Issue: WON Ordinance No. 4760 of the City of Manila is violative of the due process clause
Ruling: The lower court held that it is and adjudged it "unconstitutional, and, therefore, null and
void." Nor does the restriction on the freedom to contract, insofar as the challenged ordinance
makes it unlawful for the owner, manager, keeper or duly authorized representative of any hotel,
motel, lodging house, tavern, common inn or the like, to lease or rent room or portion thereof
more than twice every 24 hours, with a proviso that in all cases full payment shall be charged,
call for a different conclusion. Again, such a limitation cannot be viewed as a transgression
against the command of due process. It is neither unreasonable nor arbitrary. The right of the
individual is necessarily subject to reasonable restraint by general law for the common good x x
x The liberty of the citizen may be restrained in the interest of the public health, or of the public
order and safety, or otherwise within the proper scope of the police power."28The policy of
laissez faire has to some extent given way to the assumption by the government of the right of
intervention even in contractual relations affected with public interest.31 What may be stressed
sufficiently is that if the liberty involved were freedom of the mind or the person, the standard
for the validity of governmental acts is much more rigorous and exacting, but where the liberty
curtailed affects at the most rights of property, the permissible scope of regulatory measure is
wider.The attack against the validity of the challenged ordinance cannot be considered a success.
BABELO BERINA, MARILOU ELAGDON, ERNESTO ROBERTO and JESUS SORIAO, vs.
PHILIPPINE MARITIME INSTITUTE, TOMAS CLOMA and JAIME CLOMA,

Facts: petitioners are students of the Philippine Maritime Institute. they claim that PMI, five
weeks after school had started,a notice that there would be a 15% increase in tuition fees
retroactive to the start of the current semester; that the students met and took positive steps in
respect of the problem; that their representatives held dialogues with the school administration;
"that, in reaction to these legitimate student activities and without compliance with due process
respondents issued expulsion orders against petitioner and an indefinite suspension against
Marilou Elagdon;" that the penalties were imposed without due process and had the effect of
negating the petitioners' right to free speech, peaceful assembly and petition for redress of
grievances. The petitioners pray that the expulsion and suspension orders be annulled and that
while the case is pending resolution they be restored to their status as students of the PMI,

Issue: WON petitioner denied due process.

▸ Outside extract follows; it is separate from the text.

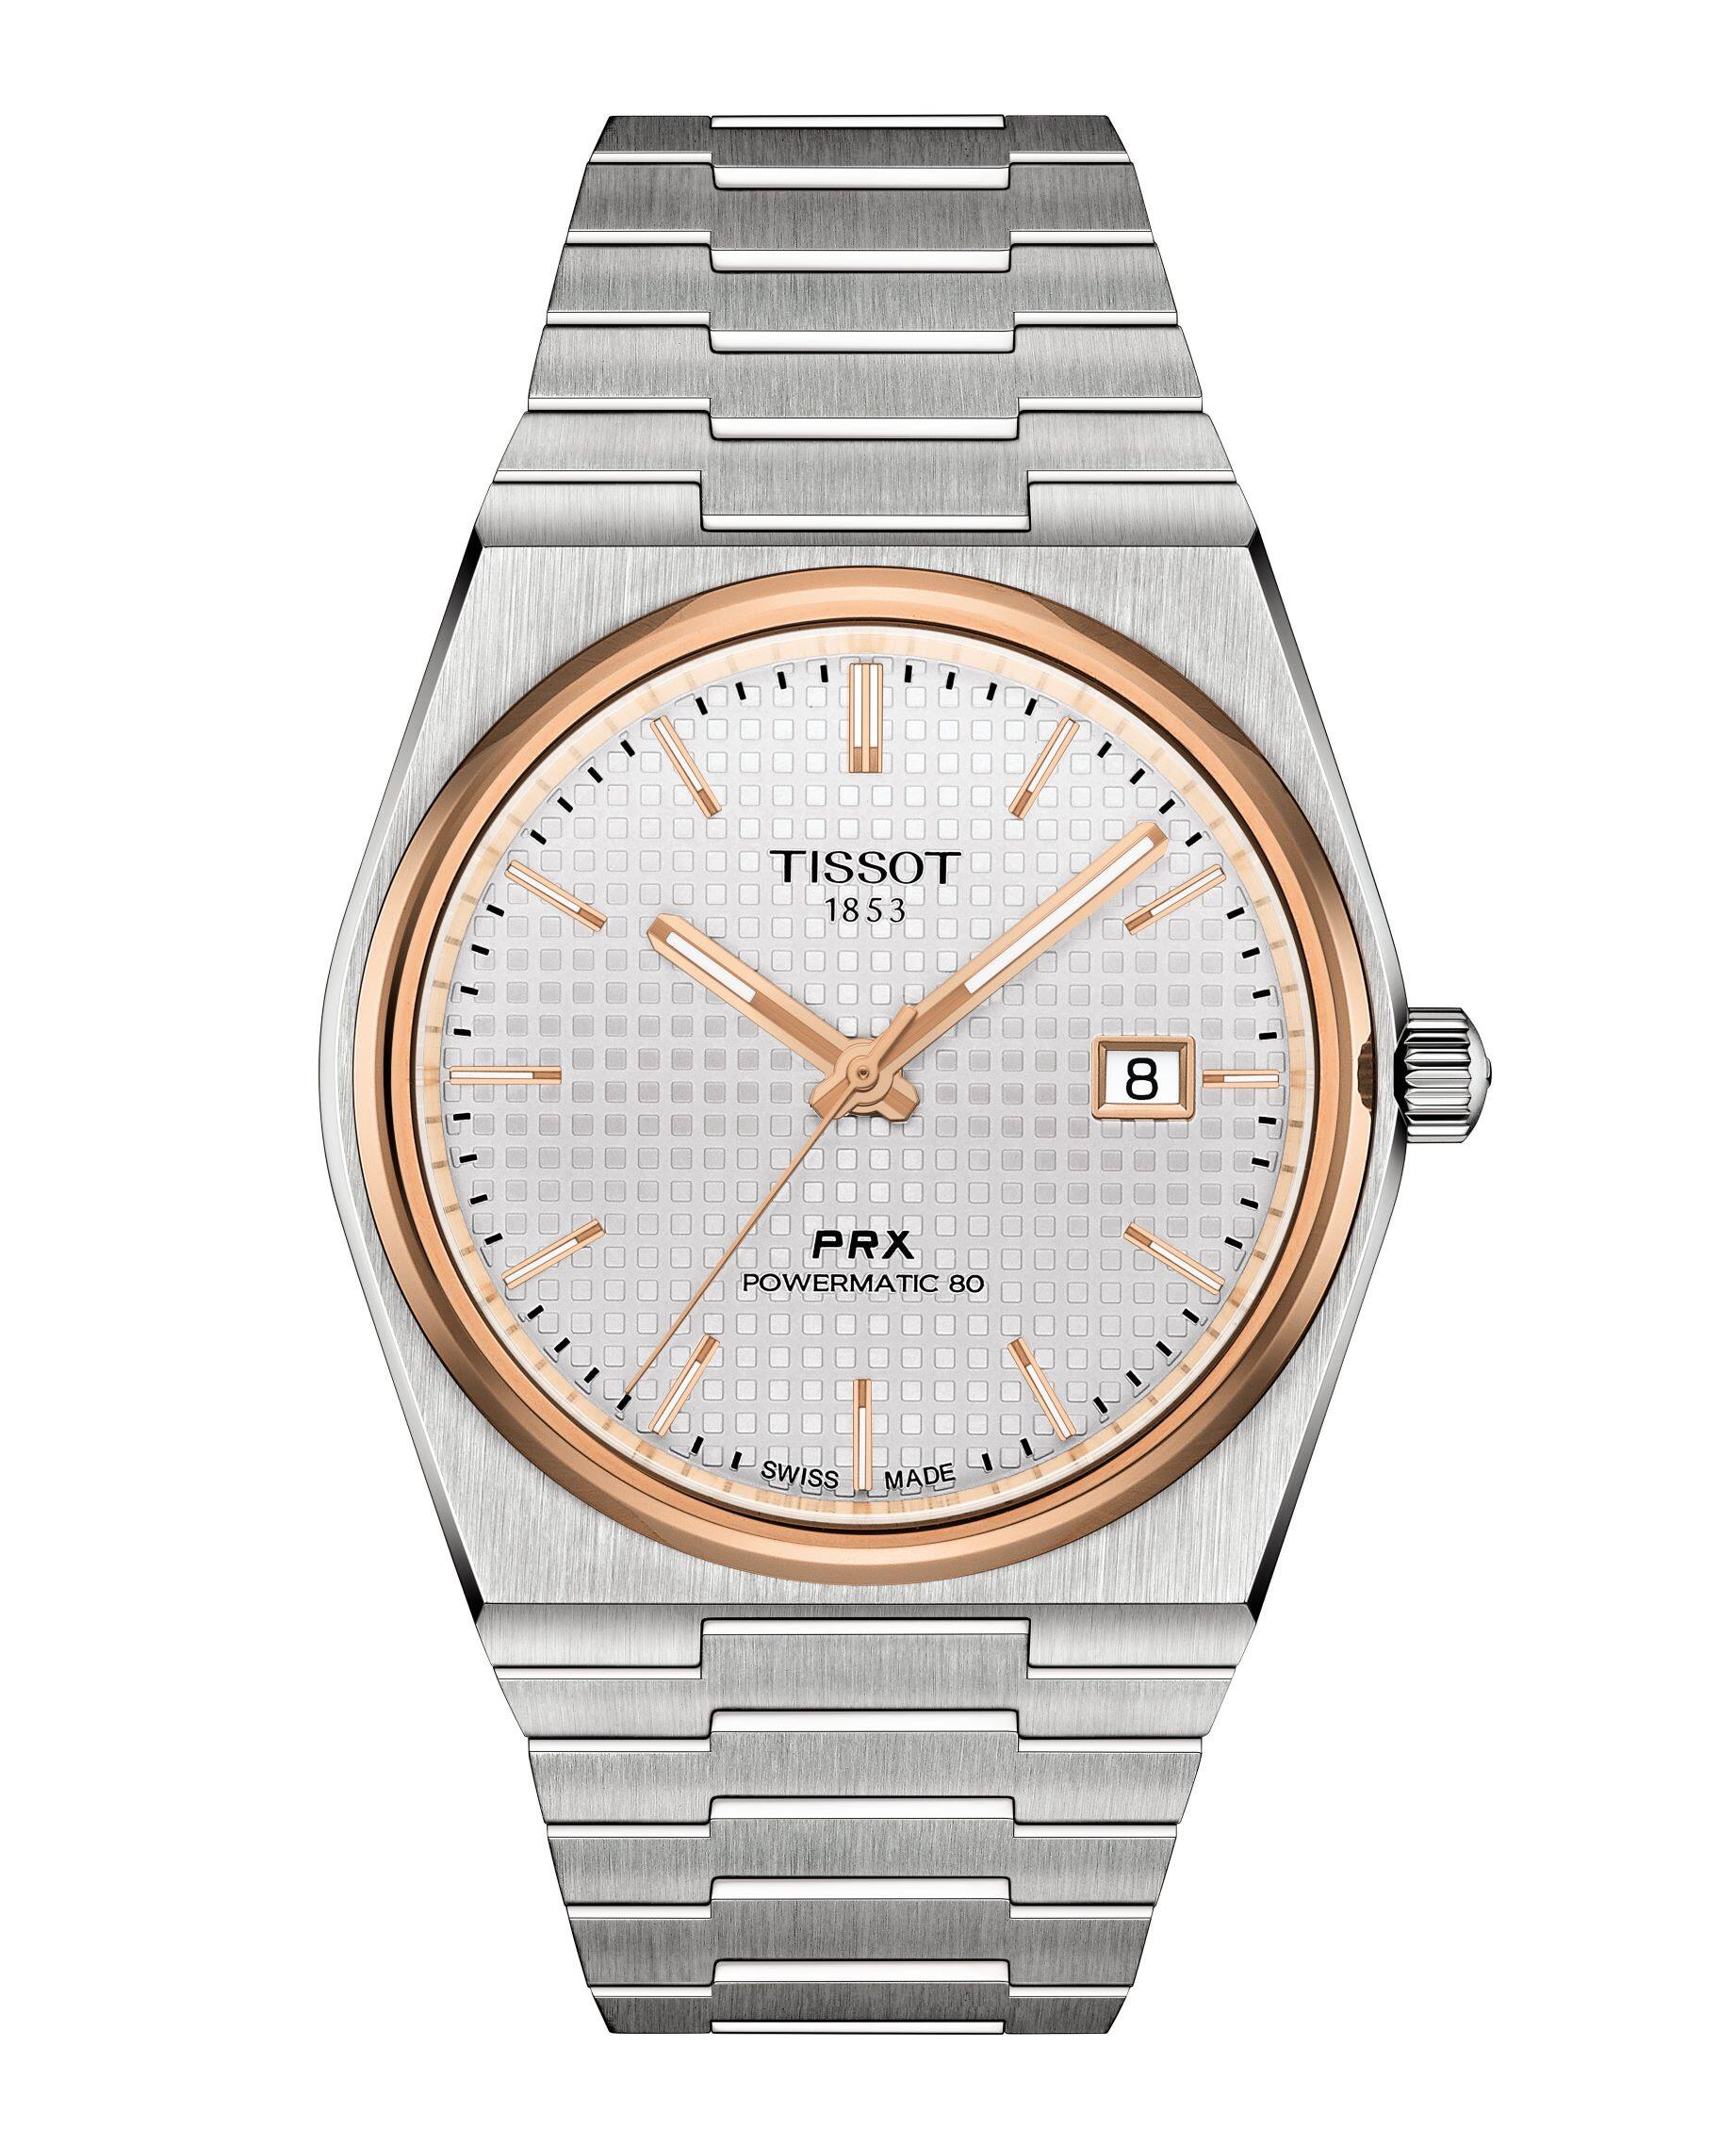 Tissot PRX Powermatic 80 ทิสโซต์ พีอาร์เอ็กซ์ พาวเวอร์เมติค80 T1374072103100 สีเงิน นาฬิกาผู้ชาย

Held: The comment does not positively assert that in imposing the expulsion and suspension
orders there was observance of due process which simply means that the petitioners should have
been given an opportunity to defend themselves. It was only after the petitioners had said in their
reply that the respondents failed to traverse the denial of due process that the latter invoked the
legal presumption "that the ordinary course of business has been followed.

It is obvious from the expulsion and suspension orders that the petitioners were denied due
process, res ipsa loquitur. For the orders are bereft of the sides of the petitioners. Hence the legal
presumption of regularity cannot be availed in the instant case.

WHEREFORE, the petition is granted; the expulsion and suspension orders are hereby set aside
but without prejudice to the power of the respondents to formally charge the petitioners for
violation(s) of reasonable school rules and regulations and after due notice to hear and decide the
charge. No special pronouncement as to costs.